I don’t think the example given above is an apples-to-apples comparison though. This new example of “an infinite non-repeating string” is actually “an infinite non-repeating string of only 0s and 1s”. Of course it’s not going to contain a “2”, just like pi doesn’t contain a “Y”. Wouldn’t a more appropriate reframing of the original question to go with this new example be “would any finite string consisting of only 0s and 1s be present in it?”
They just proved that “X is irrational and non-repeating digits -> can find any sequence in X”, as the original question implied, is false. Maybe pi does in fact contain any sequence, but that wouldn’t be because of its irrationality or the fact that it’s non-repeating, it would be some other property
It’s almost sure to be the case, but nobody has managed to prove it yet.
But simply being infinite and non-repeating doesn’t guarantee that all finite sequences should appear. For example, you could have an infinite non-repeating number that doesn’t have any 9s in it.
Exceptions are infinite. Is that rare?
Yes. The exceptions are a smaller cardinality of infinity than the set of all real numbers.
Rare in this context is a question of density. There are infinitely many integers within the real numbers, for example, but there are far more non-integers than integers.

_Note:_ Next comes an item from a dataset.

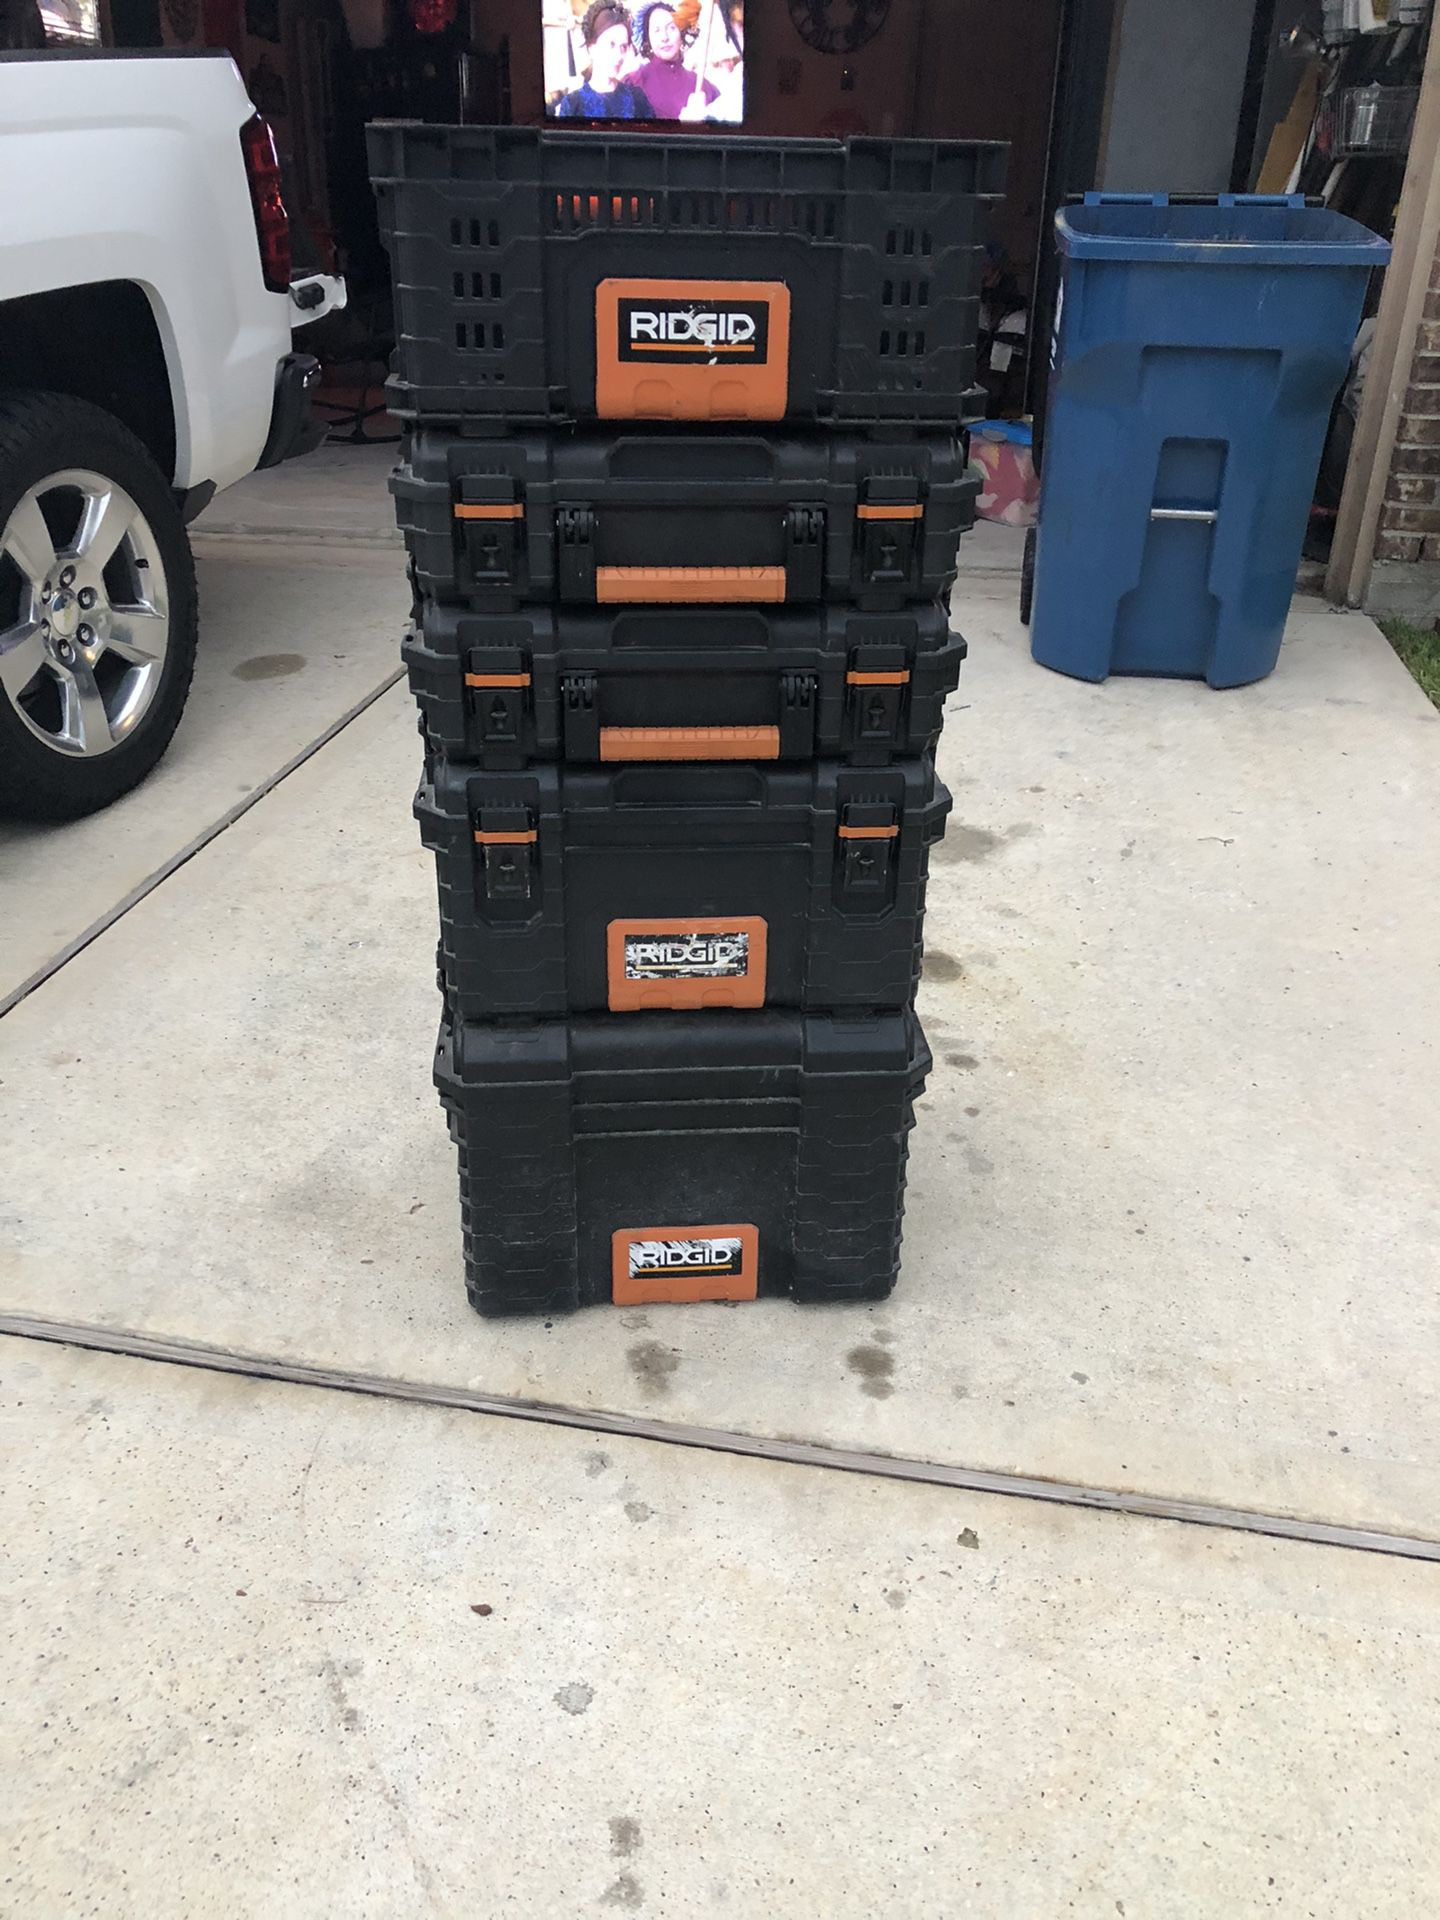 Ridgid tool boxes set of 5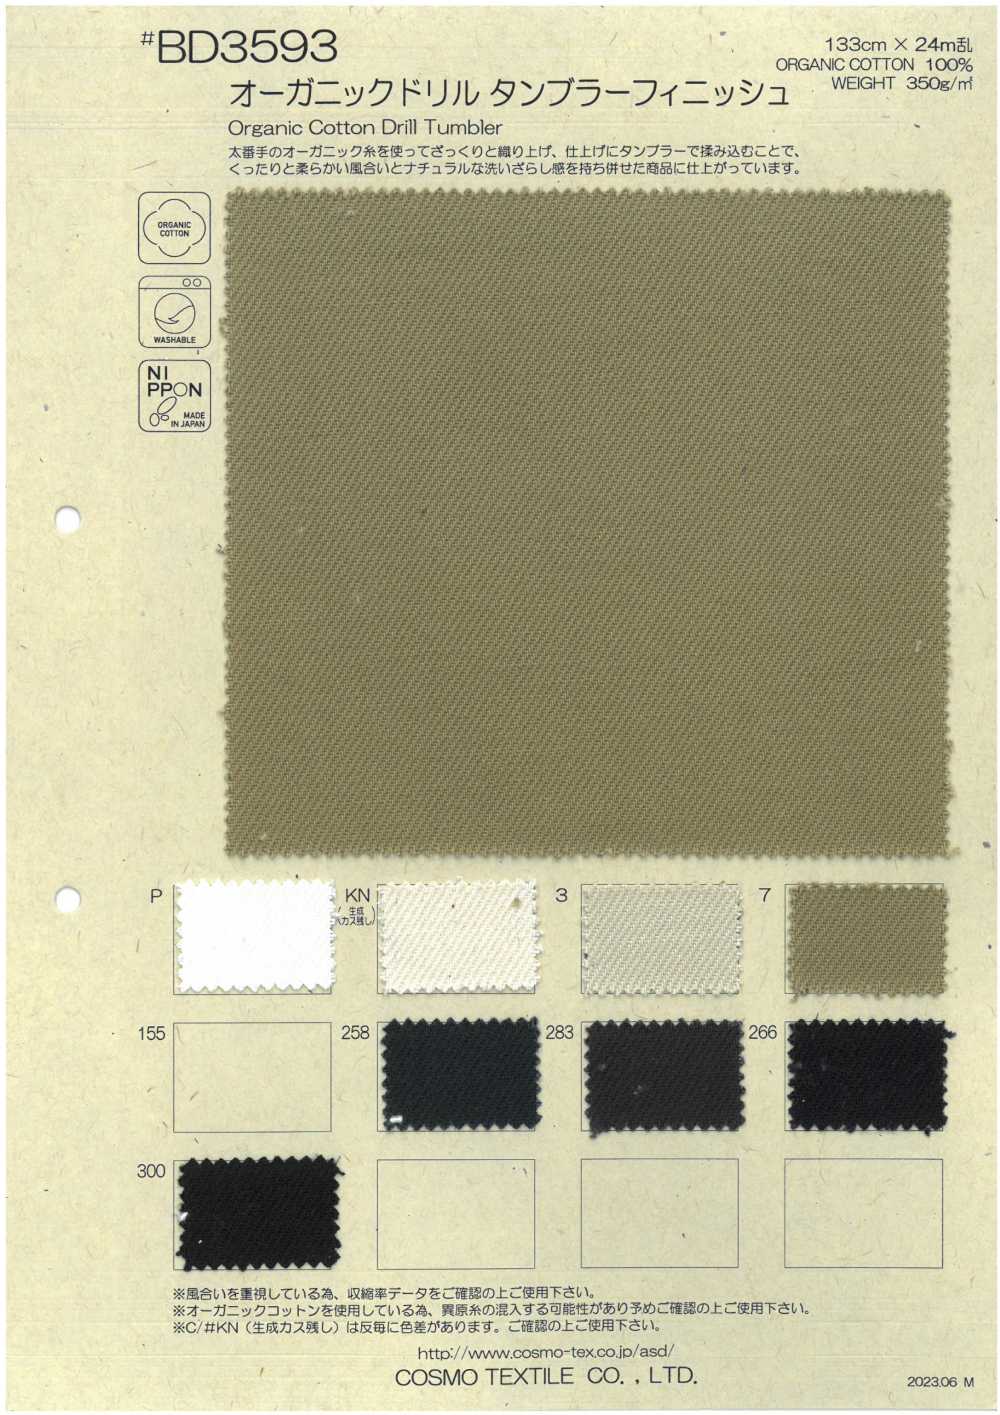 BD3593 7/-Tablón Perforado Orgánico[Fabrica Textil] COSMO TEXTILE

So integers are more rare within the real.
There is not density in infinity
I think you mean “I don’t understand density in infinity”.
They should look up the classic example of rationals in the real numbers. Their statement could hardly be more wrong.
we were talking about probability
I most assuredly am talking about your false statement regarding density.
Very rare in the sense that they have a probability of 0.
There are lot that fit that pattern. However, most/all naturally used irrational numbers seem to be normal. Maths has, however had enough things that seemed ‘obvious’ which turned out to be false later. Just because it’s obvious doesn’t mean it’s mathematically true.